Ao entrar pela porta sentiu-se uma americana em solo britânico. Estava tudo ao contrário. Uma multidão a querer sair e ela a querer entrar. Atrapalhou-se, contornou malas e pessoas a caminhar furiosamente na sua direcção e só se acalmou ao vislumbrar aquele caloroso grupo a receber um amigo. Uma amiga. O grupo afastou-se e conseguiu ver uma mulher baixa e magra, de pele morena queimada pelo sol, de cabelo pelo ombro, encaracolado e de um louro espectacularmente selvagem. Gostou da sua coragem em usar um traje daqueles. Ela gostava de rosa mas nunca iria usar aquela espécie de cortina, larga e a esconder-lhe as formas. Gostava de andar sempre elegante. Vitória também apreciou as pulseiras de Margarida mas só teria coragem de usar uma de cada vez e provavelmente numa festa de Verão do outro lado do mundo. Margarida parecia profundamente feliz. Estava feliz. Dava para perceber que estava muito feliz e invejou-a naquela felicidade. Aquela doçura e aquele sorriso aberto de quem já fez as pazes com o mundo e está pronta para o amar no seu todo.

 

Beatriz estava chocada. Ele estava vivo. “Tenha calma. Já chamámos o 112. Não se mexa”. O homem tentou mexer-se e Beatriz agarrou-lhe as mãos de imediato. “Não se mexa. O que é que está a tentar fazer? Precisa de alguma coisa? O que é sente? Consegue falar?”. Ele revirou os olhos cheios de dor e as lágrimas rosadas de sangue rolaram-lhe pela cara. Alguns gemidos. Porquê? Beatriz aproximou-se para o ouvir. Porquê? Porque que é que eu não morri?...

 

O telemóvel de Vitória tocou. Já estava na fila do check-in, apenas duas pessoas à sua frente e umas dezenas atrás. Detestava atender o telefone em público sobretudo para conversas sem um objectivo claro.
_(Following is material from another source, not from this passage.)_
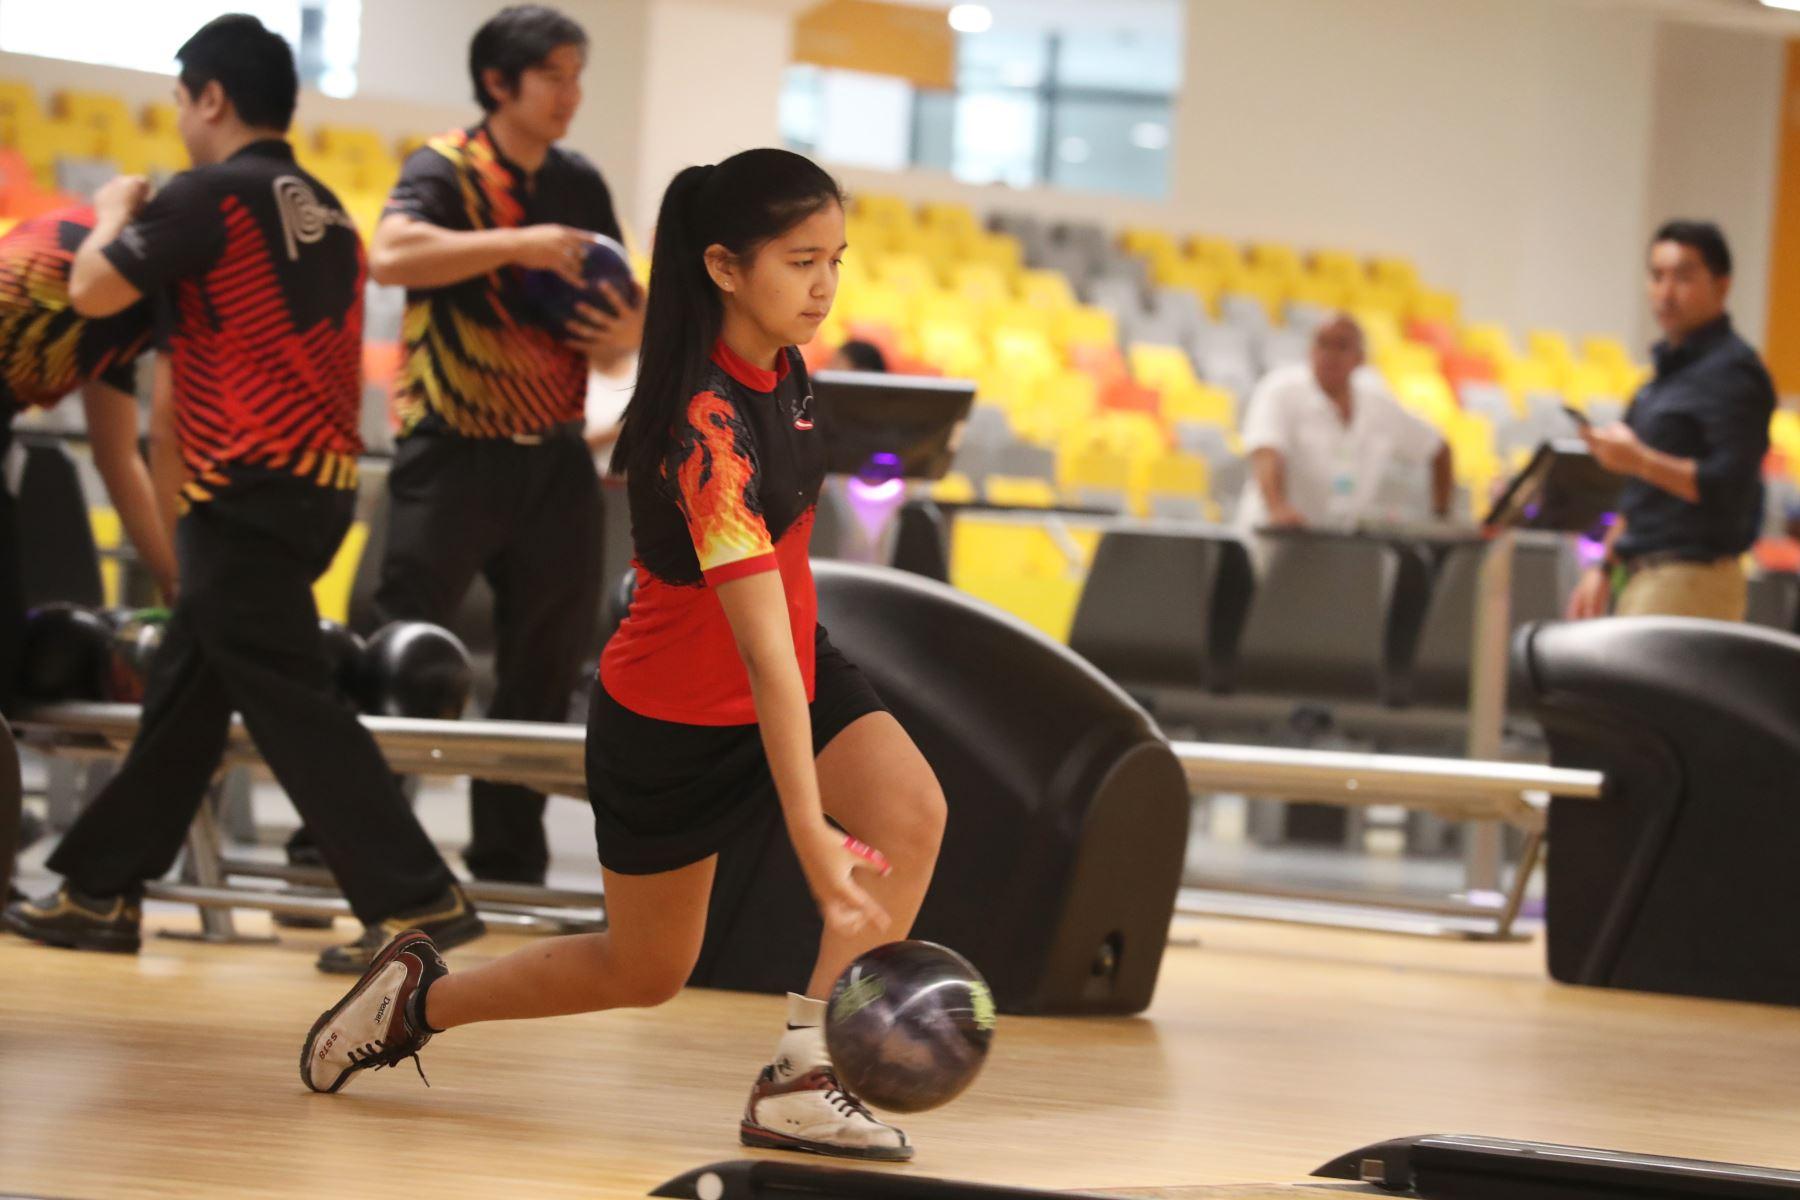 16 paises pertenecientes a Panam Sports participarán, teniendo así a 64 de los mejores jugadores de Bowling de América. Foto: ANDINA/Melina Mejía

Não atendeu. Colocou-o no silêncio e abriu a mala para o guardar. Foi quando percebeu que tinha na mão o bilhete mas o passaporte tinha desaparecido. Começou desesperadamente a revirar a mala, a tirar tudo e a colocar as coisas em cima das malas de viagem. Repetiu a operação duas vezes e nada. Tinha-o perdido. O sangue subiu-lhe à cara em segundos e sentiu no corpo uma explosão de calor. Olhou à volta, depois para o chão até onde a vista alcançava e nada. A fila andou um metro e Vitória não sabia o que fazer. Andou também. Tentou respirar fundo e acalmar-se, quando tudo o que queria era começar a berrar e a chorar como um bebé.

 

Margarida e o grupo dirigiram-se à saída e começaram a discutir como se dividiriam pelos vários carros. Um deles aproximou-se do cinzeiro de rua para fumar uma cigarrilha e Margarida acompanhou-o. Quando olhou para o chão, mesmo junto às portas de vidro, reparou num passaporte caído. Pegou nele, abriu e leu “Vitória da Silva Félix”. “Eu conheço-a.” Virou as costas ao amigo, entrou novamente no aeroporto, colocou-se em pontas para ficar mais alta mas não conseguiu ver nada. Começou a andar rapidamente como uma serpente em plena selva e tentou visualizar o percurso de Vitória. Subiu as escadas a correr e virou à direita.

 

“Tenha calma. Não há nada que justifique acabar com a vida. Tudo se resolve. Acredite. Eu sou exemplo disso.” O homem olhou para Beatriz pela primeira vez, olhou-a nos olhos. Profundamente. Sentiu vergonha. Nojo de si. Pena. Era um coitado. Olhou para o rio. Eu devia ter morrido. “Como é que não morri? Porque é que eu não morri? Não sinto as pernas. Será que vou ficar paraplégico? É assim que Tu me vais castigar?”

 

Vitória sentiu uma mão a tocar-lhe no ombro. Margarida completamente ofegante mostrou-lhe o passaporte. “Acho que é seu. Vitória, certo?” Vitória já só sentia o nó da garganta. Aquele nó de quem precisa chorar. O sorriso carinhoso e alegre de Margarida fizeram-na perder o controlo.   Começou a chorar. Margarida abraçou-a. “Calma amiga. É só um passaporte.” Sem vergonha, chorou e soluçou durante dois ou três minutos. Margarida, carinhosa, abraçou-a, beijou-a na cara, limpou-lhe as lágrimas e sorriu-lhe. Vitória sentiu-lhe o hálito fresco. Desviou o olhar de vergonha. “Não há problema. Acontece amiga. Há seis meses aconteceu-me o mesmo. Sai de Lisboa a chorar.” Vitória recompôs-se. Aquela mulher compreendia-a. Não via mal, nem a desconsiderava só porque ela chorava. Libertou aquela fraqueza pela primeira vez. Deixou de a assustar. Margarida apertou as mãos de Vitória, piscou-lhe o olho e desejou-lhe boa sorte.

 

Choramingava sem fim. “Eu quero morrer. Eu quero morrer. Eu quero morrer.” Beatriz sentiu que estar naquele sítio àquela hora não era um acaso. “Não há coincidências.” Estava ali para o salvar. “Como é que se chama?” Fred. Ele chamava-se Fred. “Vai tudo correr bem.” Ele chorava ainda mais. “Não, não vai! Não vai! Nada mais pode correr bem na minha vida. Tu não sabes a minha história.” Ela queria salvá-lo. Fez-lhe uma festa na cara. Então conta-me a tua história…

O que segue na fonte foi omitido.